On the other hand, I have been spared from clericalism. I like and respect priests; some of my best friends are priests. But I didn’t meet a Catholic cleric until I was in my 20s, and they don’t quite have the aura of authority for me that I sense they have for those who were born into the Catholic family.
I simply cannot imagine the world that McCarrick was reported to have lived in, in which “Uncle Teddy” would accompany the kids camping and even take one of them to a restaurant in San Francisco, where he put vodka in the drinks – a world in which McCarrick’s word was gospel and any questions raised about his behaviour could be shot down on the grounds, to quote the New York Times, that he was: “so beloved… and considered so holy, that the idea was unfathomable.”
Likewise, I am amazed, in my innocence, of the authority wielded by so many fallible, sometimes corrupt bishops. To me, there’s no magic to them at all – they’re just men in a big hat. I’m not saying I’m right or wrong about this, it’s just that when I signed up to be a Catholic, I joined a faith, not a congregation.
Of course, I quickly discovered that isn’t sustainable. The faith and the institution are inseparable: you’ll often hear ex-Catholics say they love one but not the other, and yet if you want the sacraments, you need the priest. If you want the priests, you need the bishops. If you want to fulfil the Church’s commandments to love your fellow man, you absolutely need the congregation, too.
And so, after years of telling myself that I don’t want anything to do with the political or social life of the Church, I’ve found myself inexorably drawn into both.
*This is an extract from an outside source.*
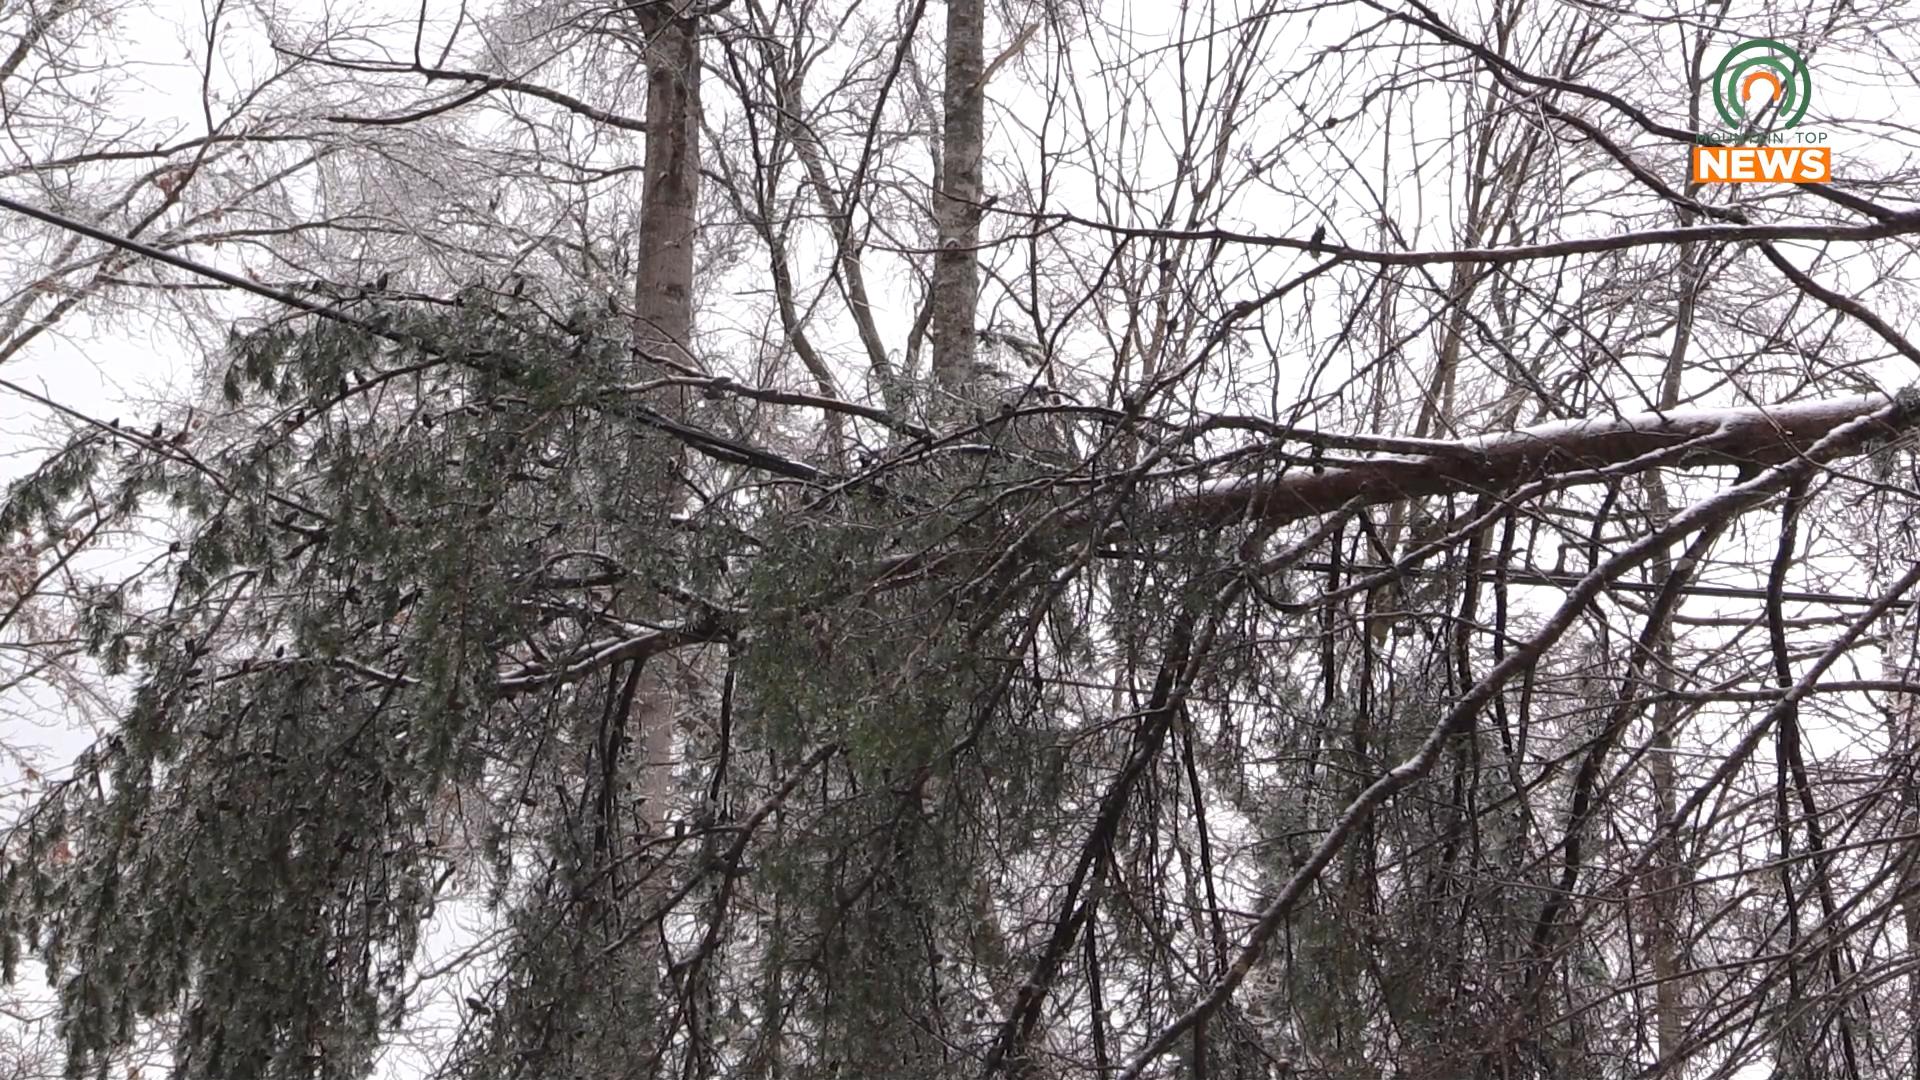 Region braces for third winter storm
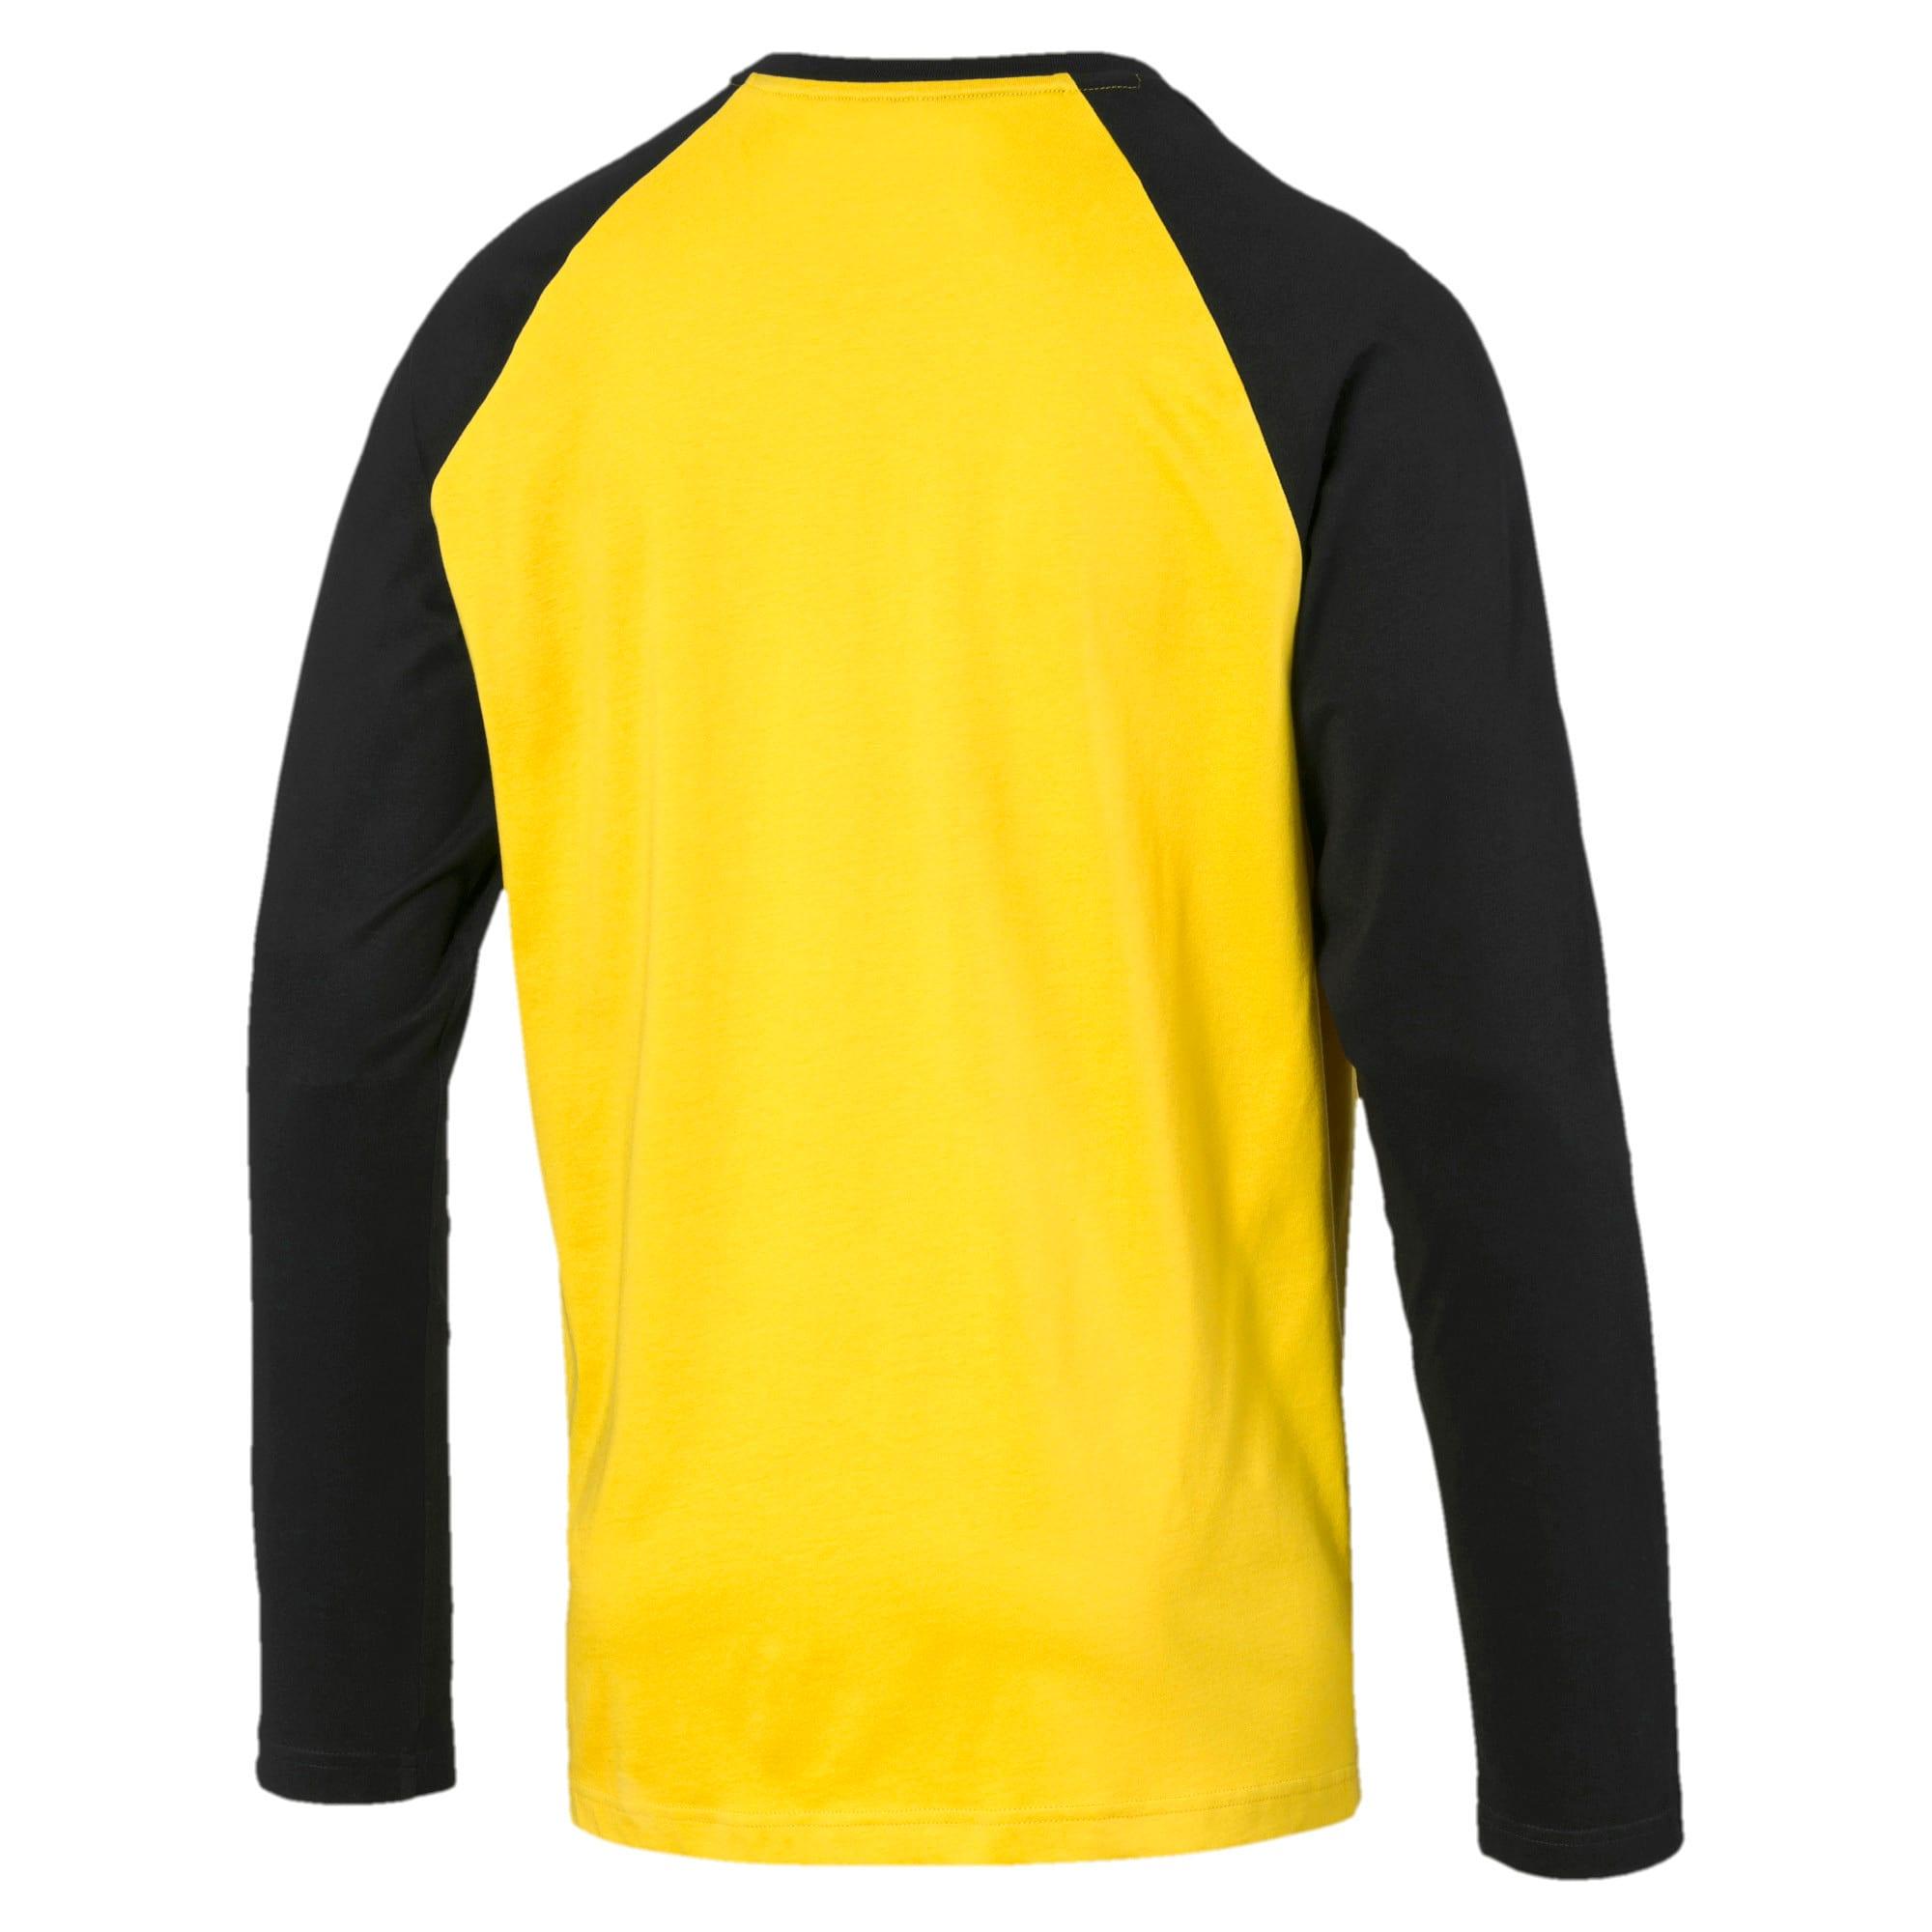 Thumbnail 5 of Modern Sports Long Sleeve Men's Tee, Sulphur, medium-IND

It’s actually impossible not to hold a view on Humanae Vitae or the Irish referendum; it’s impossible not to care that Fr O’Reilly has come down with a cold.
And far from this picture being drawn in the media of clerics as complete disaster zones, I’m happy to report how many of them turn out to be kind, intelligent, thoroughly human people bearing incredible witness in a society that either disregards them or hates them. And as for the few flawed clerics rotting in the barrel, we have to deal with them as honestly as possible. I might like to imagine that McCarrick and I have nothing in common, but the reality is we belong to the same Church, and this has consequences for both of us. I have to confront the Church as it is, not as I wish it to be, kept at arms length.
…….
I joined for the faith, I discovered humanity, and now the next step, I suspect, is to recommit myself to the faith. How?
Catholicism has all the answers, including to its own problems, and it asks us to be courageous. We all have to admit that we are capable of doing wrong and of being hurt. These are two very different things, yes, but they both involve the wounding of a soul, and what the Church offers to the injured is reconciliation and healing.
Sometimes it’s astonishing to consider that the same Eucharist is offered to the remorseful prisoner as to the person they committed a crime against. This is a difficult mystery to contemplate, but it speaks to a love and justice that exist in a perfect state far beyond this fallen world.
Tim Stanley is a journalist, historian and a Catholic Herald contributing editor
This article first appeared in the July 27 2018 issue of the Catholic Herald.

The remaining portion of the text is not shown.